§ **WHAT YOU NEED TO DO**: Your response should contain exactly the lines running from the one with "Profi Air trofazni" to the end of the data below, both included, and no pictures.

§ **DATA BLOCK**:

====

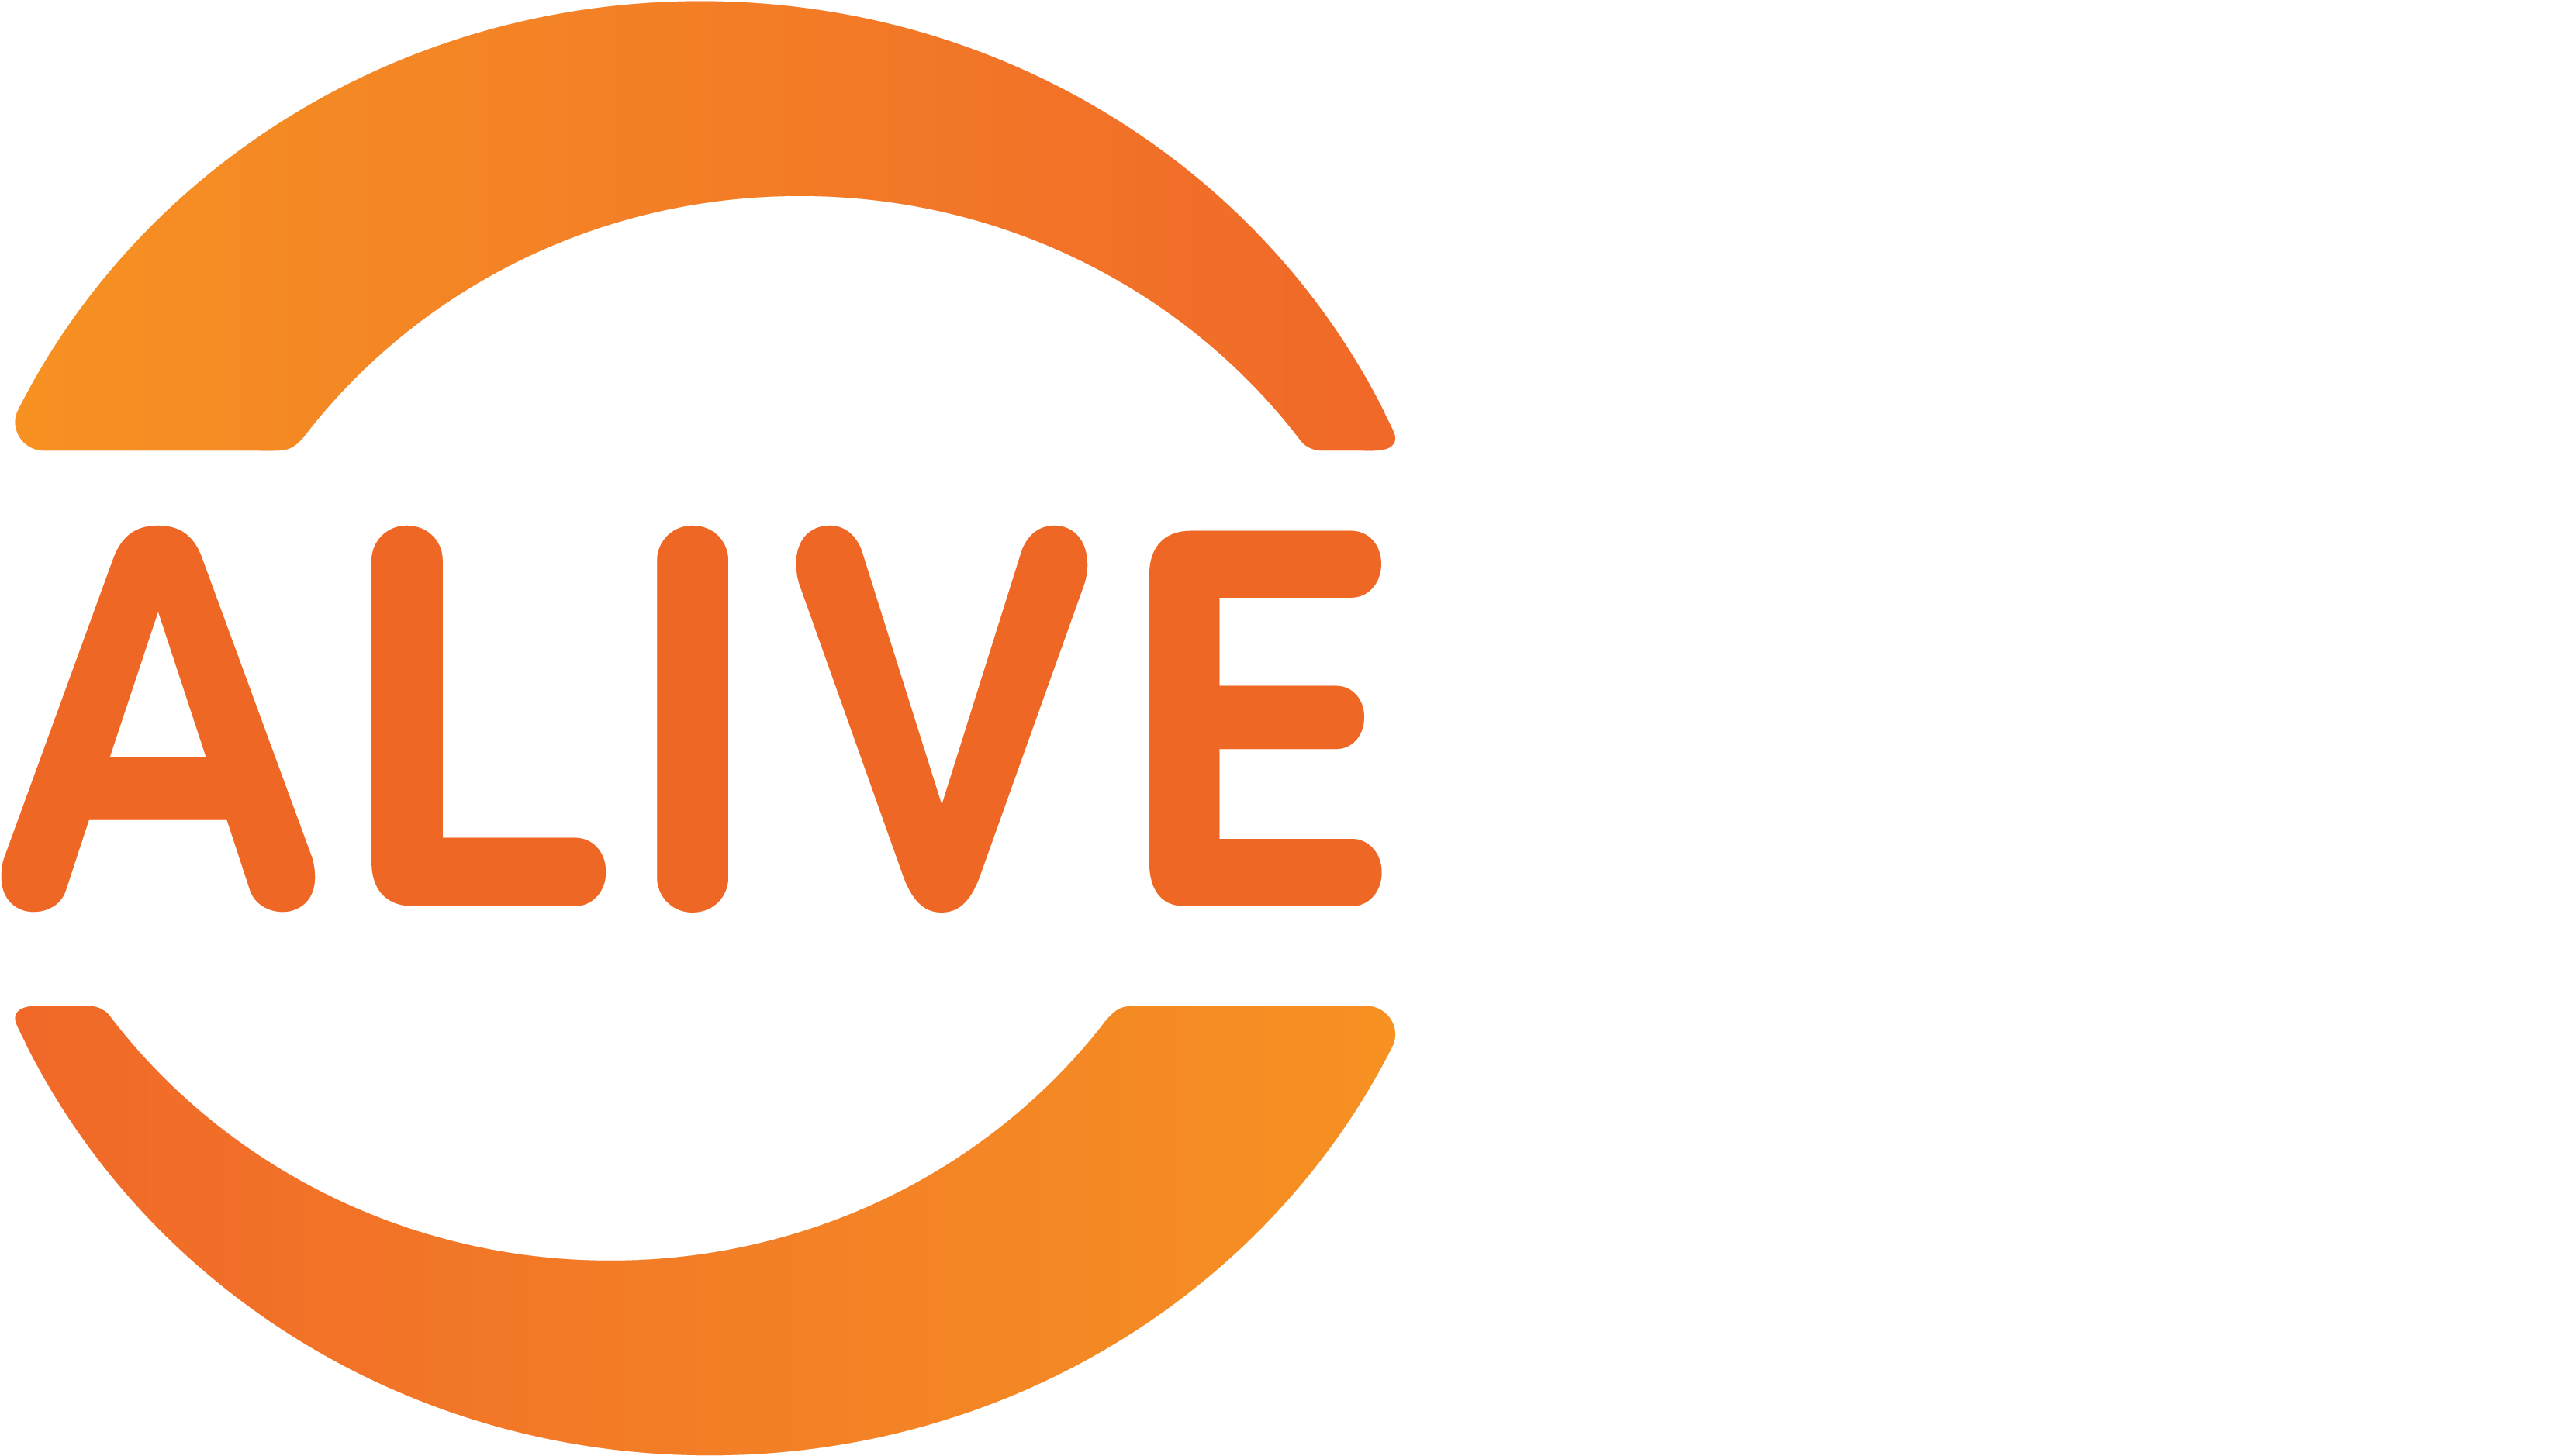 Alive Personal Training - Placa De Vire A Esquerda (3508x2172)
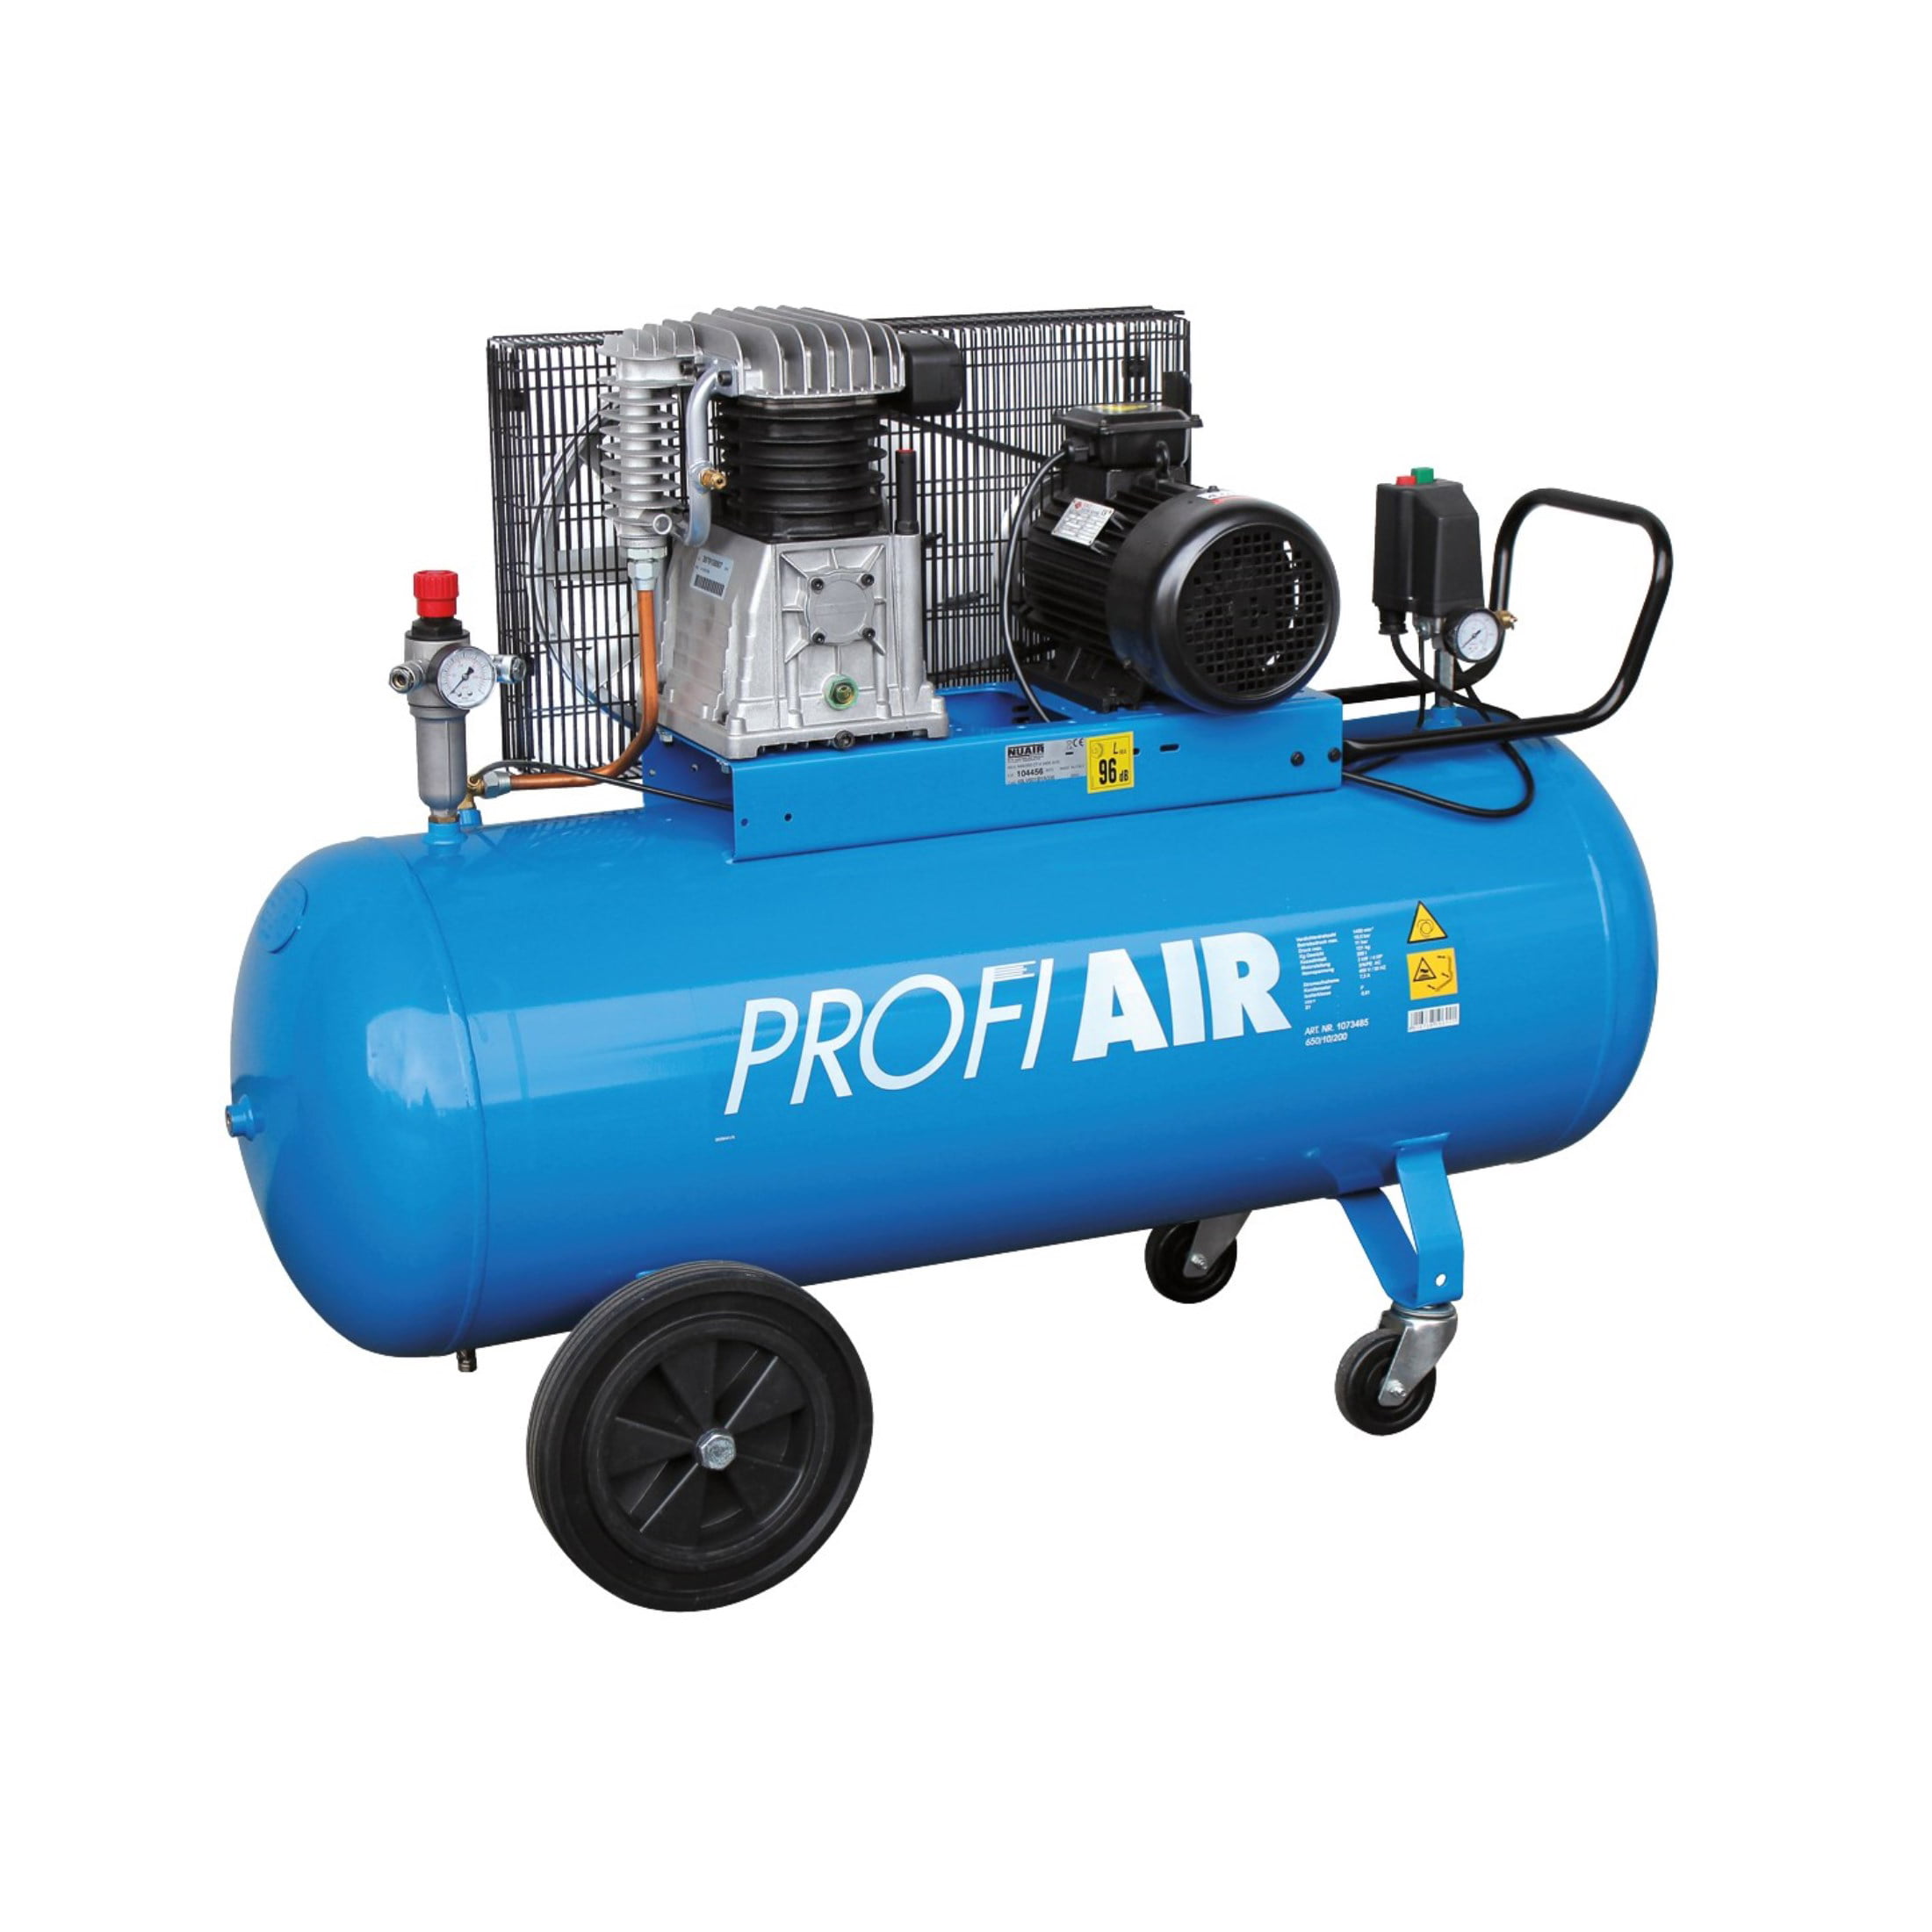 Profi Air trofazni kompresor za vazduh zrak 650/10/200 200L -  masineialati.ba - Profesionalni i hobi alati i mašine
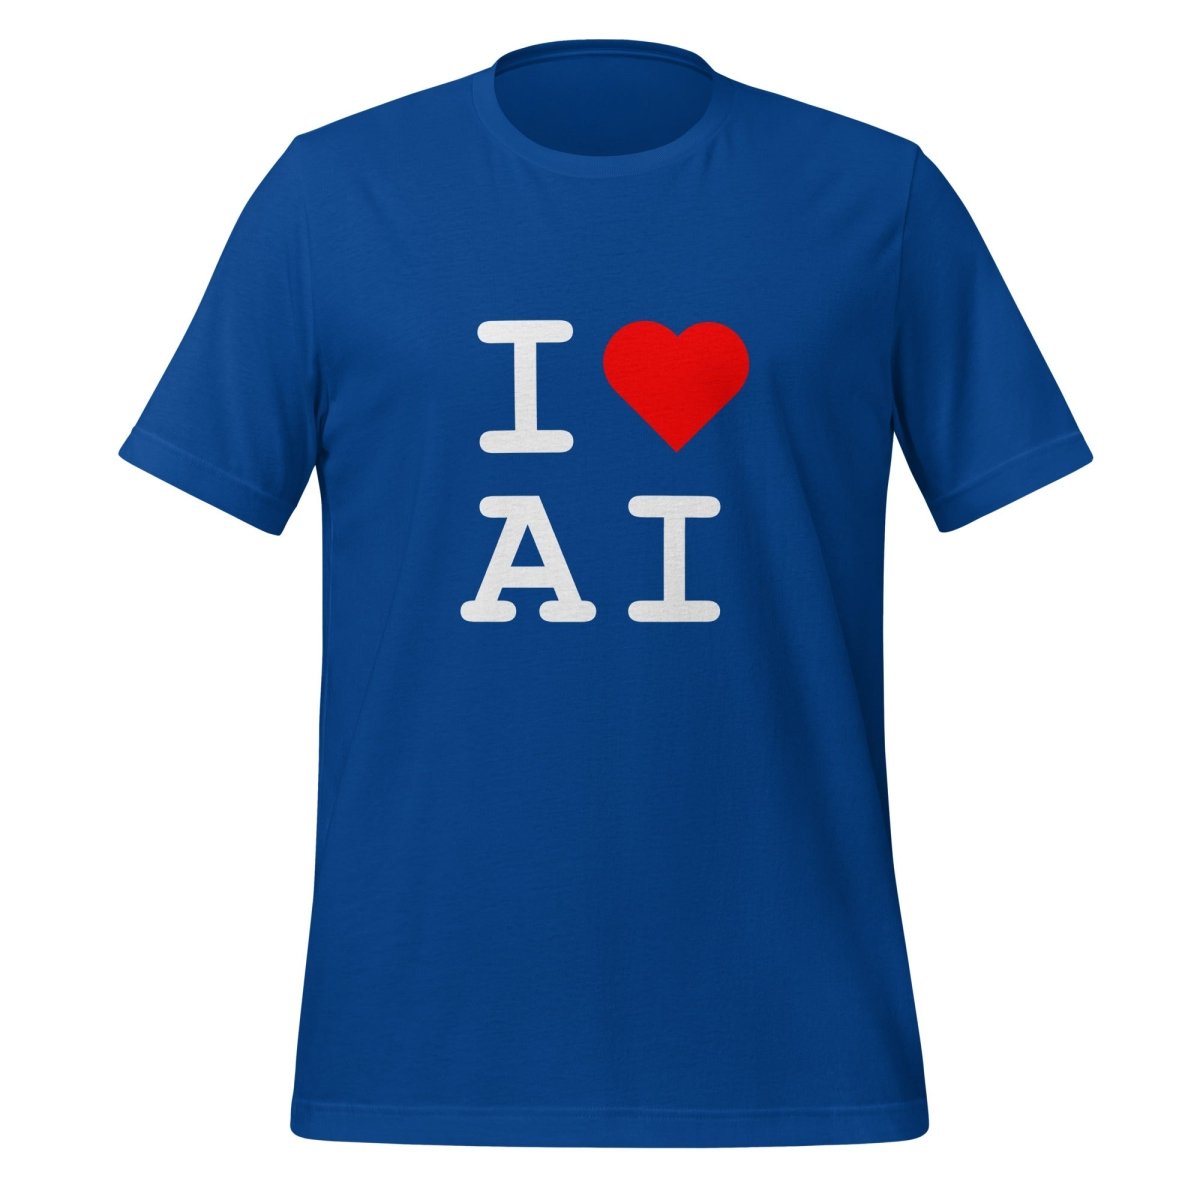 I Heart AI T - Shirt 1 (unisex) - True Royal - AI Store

====

§ **SOLUTION**:
 Profi Air trofazni kompresor za vazduh zrak 650/10/200 200L -  masineialati.ba - Profesionalni i hobi alati i mašine
 I Heart AI T - Shirt 1 (unisex) - True Royal - AI Store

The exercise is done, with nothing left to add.